What's a Bone Age Study?

Bone age refers to how developed a person's skeletal system is. In children, bone age is used as an indicator of physical maturity and can help diagnose issues with growth, hormone disorders, and other medical problems. As someone grows from fetal life to childhood and adolescence and into young adulthood, the bones in their skeleton change size and shape. These changes can be seen through x-rays and other imaging methods. A comparison between the appearance of a patient's bones and a set of standard bone images for a given age can be used to determine the patient's "bone age."

Interpretation

Bone age does not necessarily correspond to an individual's biological or chronological age. For example, someone with stunted growth may have a bone age that is less than their biological age. Similarly, a child growing faster than normal may have a bone age that is older than their chronological age. Most often, a delay or advance in bone age is due to normal variability in growth. However, significant discrepancies between bone age and biological age may indicate an underlying medical condition that requires treatment. Bone age can also be used to predict a child's adult height. Other uses of bone age measurements include diagnosing medical conditions affecting children, such as constitutional growth delay, precocious puberty, thyroid dysfunction, growth hormone deficiency, and other causes of abnormally short or tall stature.

Common techniques

The most common technique for estimating a person's bone age in the United States is to compare an x-ray of the patient's left hand and wrist to a reference atlas containing x-ray images of the left hands of children considered to be representative of how the skeletal structure of the hand appears for the average person at a given age. A paediatric radiologist specially trained in estimating bone age assesses the patient's x-ray for growth, shape, size, and other bone features. The image in the reference atlas that most closely resembles the patient's x-ray is then used to assign a bone age to the patient. Other techniques for estimating bone age exist, including x-ray comparisons of the bones of the knee or elbow to a reference atlas and magnetic resonance imaging approaches.

Clinical significance

To help determine if a child is growing normally, pediatricians assess a patient's bone age.

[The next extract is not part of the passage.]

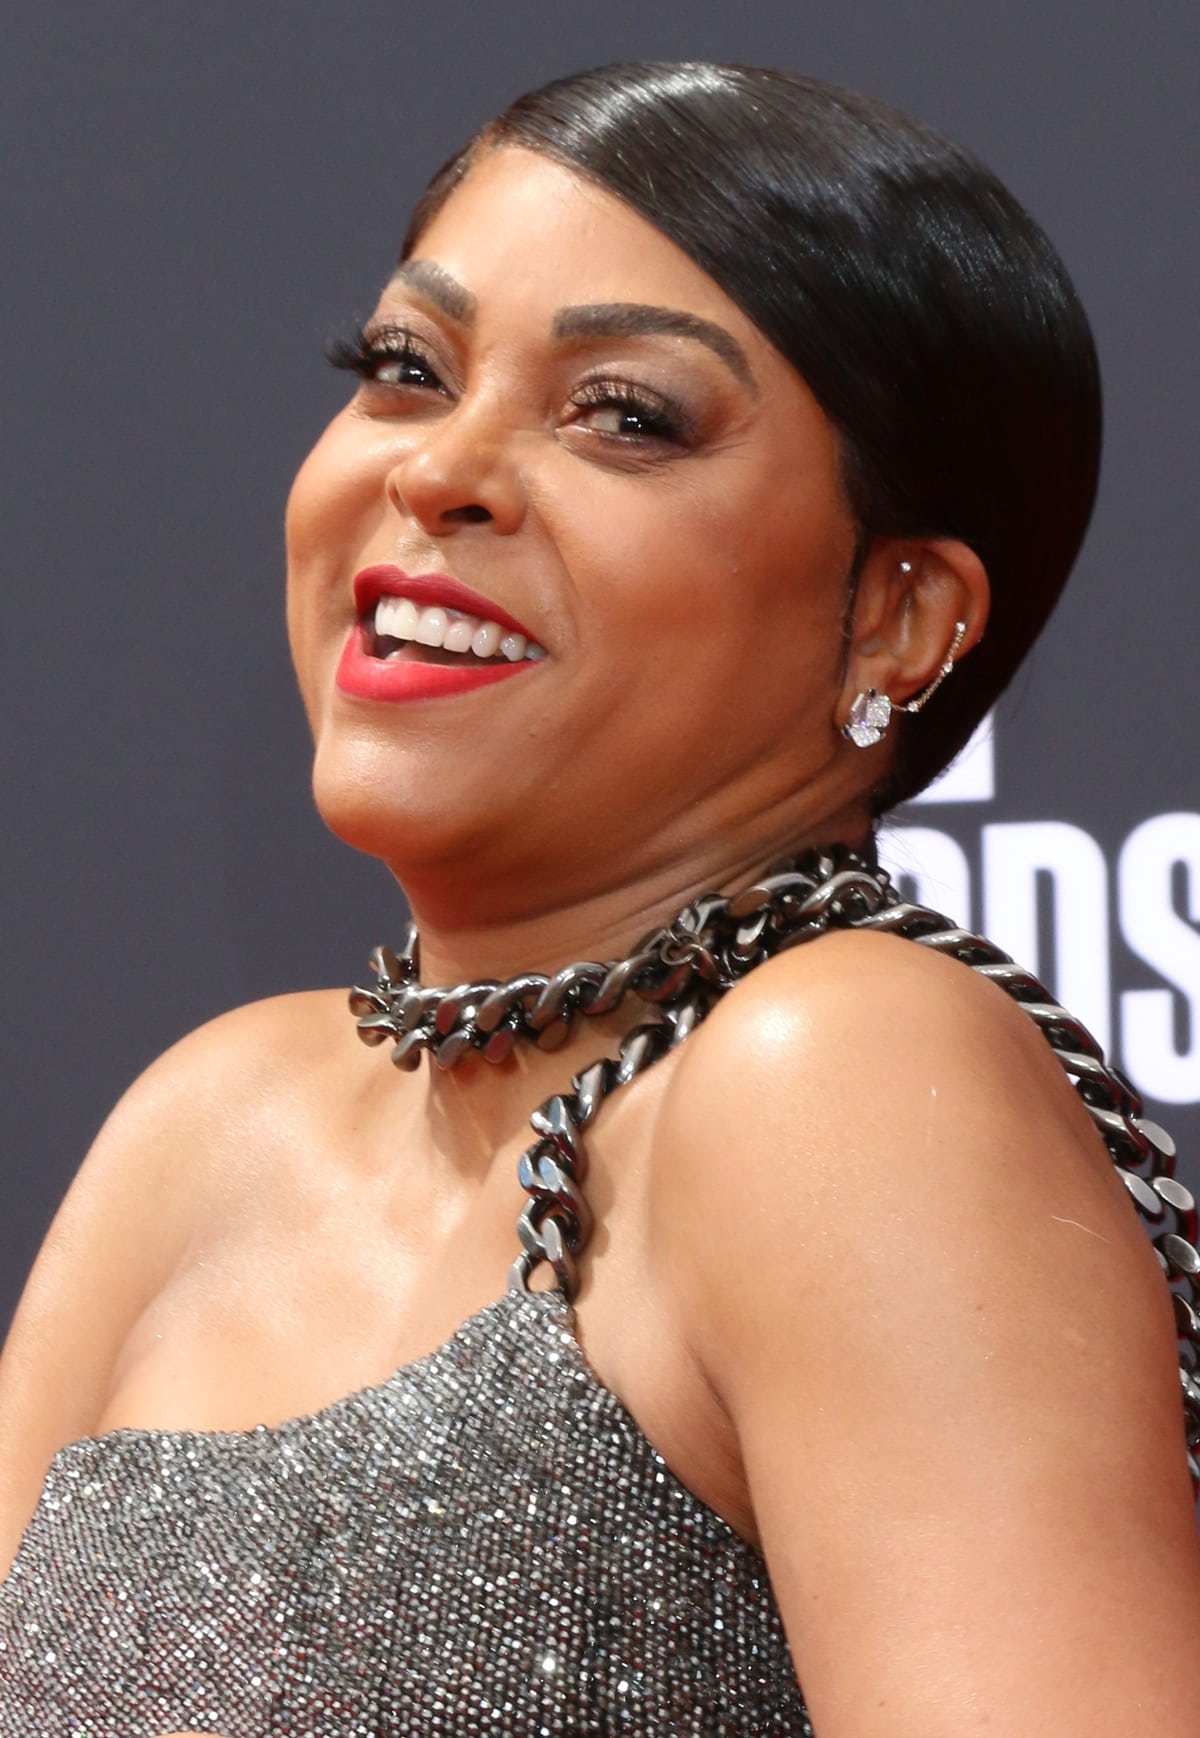 Taraji P. Henson's mitochondrial DNA analysis revealed her matrilineal lineage tracing back to the Masa people of Cameroon, and she has also acknowledged her connection to Matthew Henson, the North Pole explorer, as the brother of her great-great-grandfather
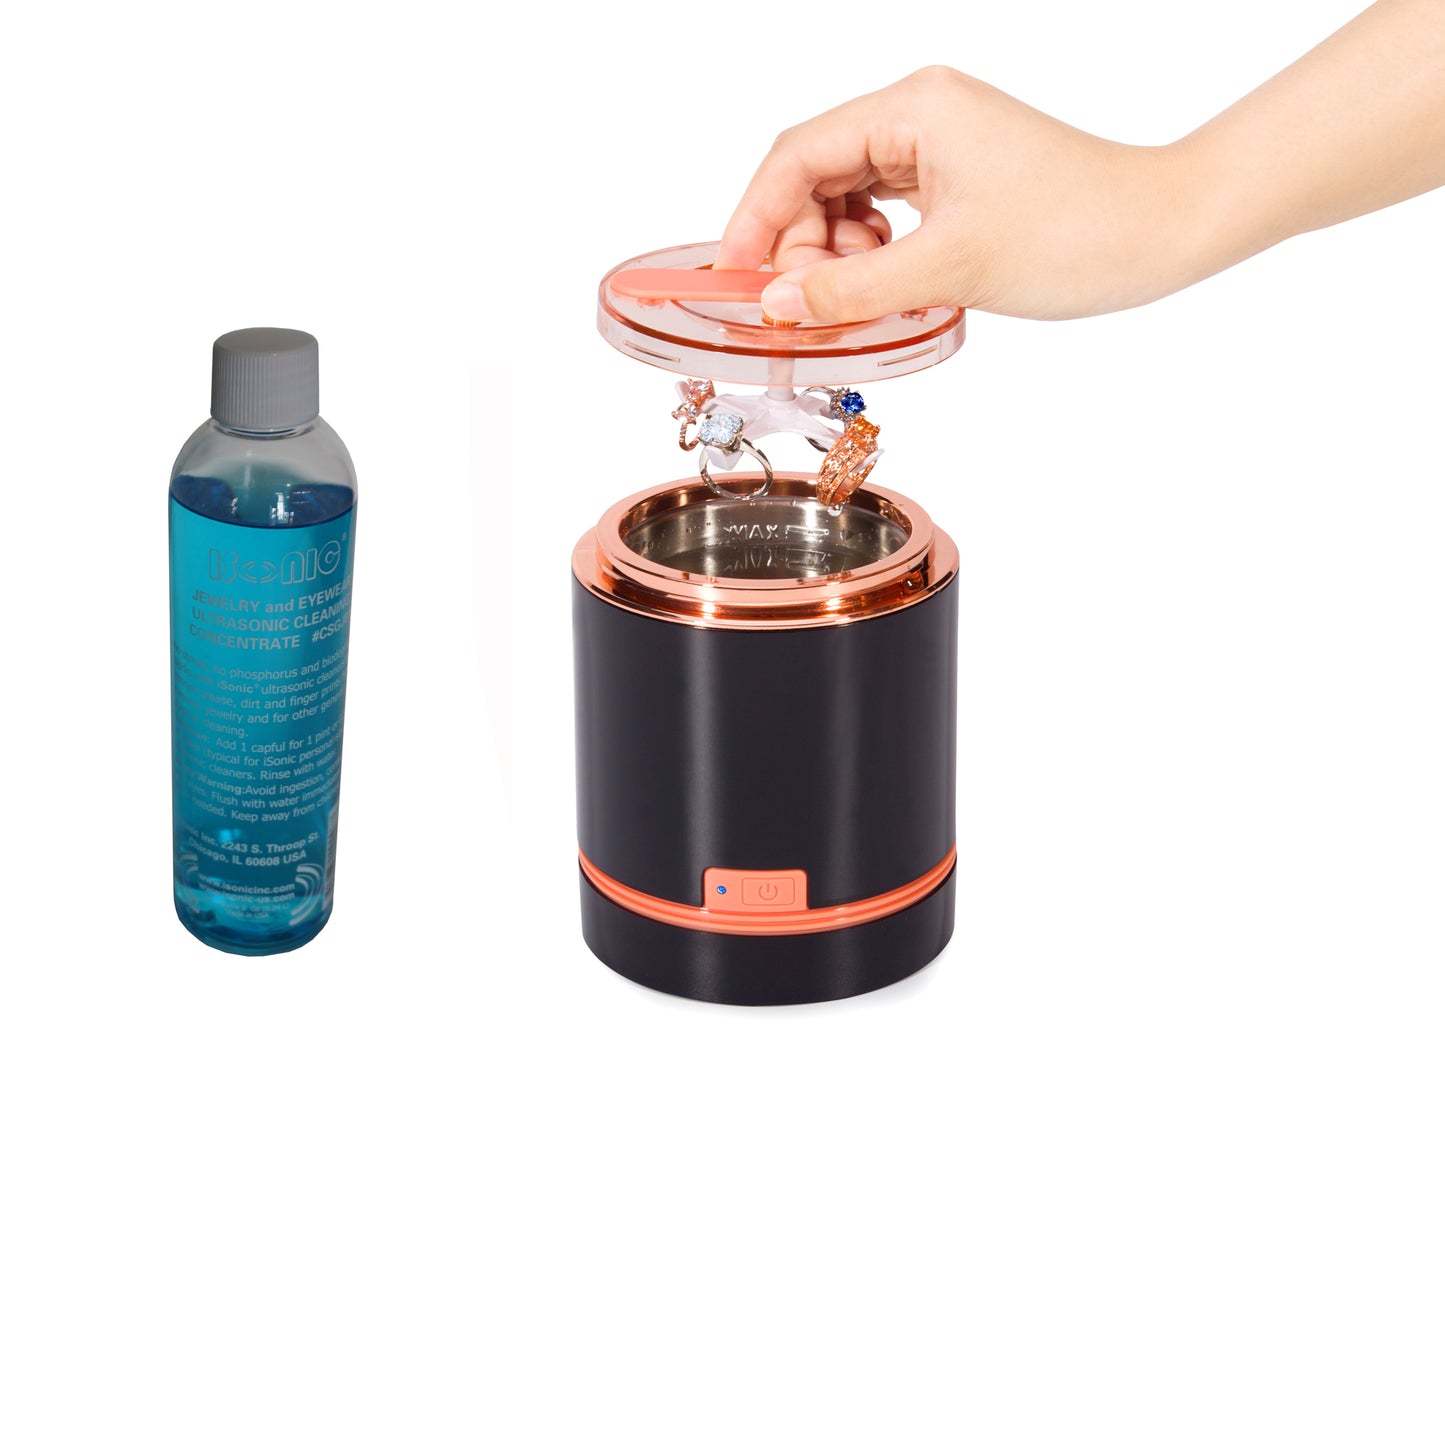 Good Vibrations Concentrated Ultrasonic Cleaner Solution

If there is a large difference between a person's bone age and chronological age, it may indicate a growth disorder. For example, if a patient's bone age is less than their chronological age, it suggests a delay in growth, as might be caused by a growth hormone deficiency. If there is too much growth hormone, a child may have a bone age that is older than their chronological age, suggesting they are growing abnormally fast. Since bone age measurements are inherently approximations, they are conventionally reported with a standard deviation, which serves as an estimate of the associated error. For a child's bone age to be considered abnormal, the chronological age must differ from the assigned bone age by more than 2 standard deviations.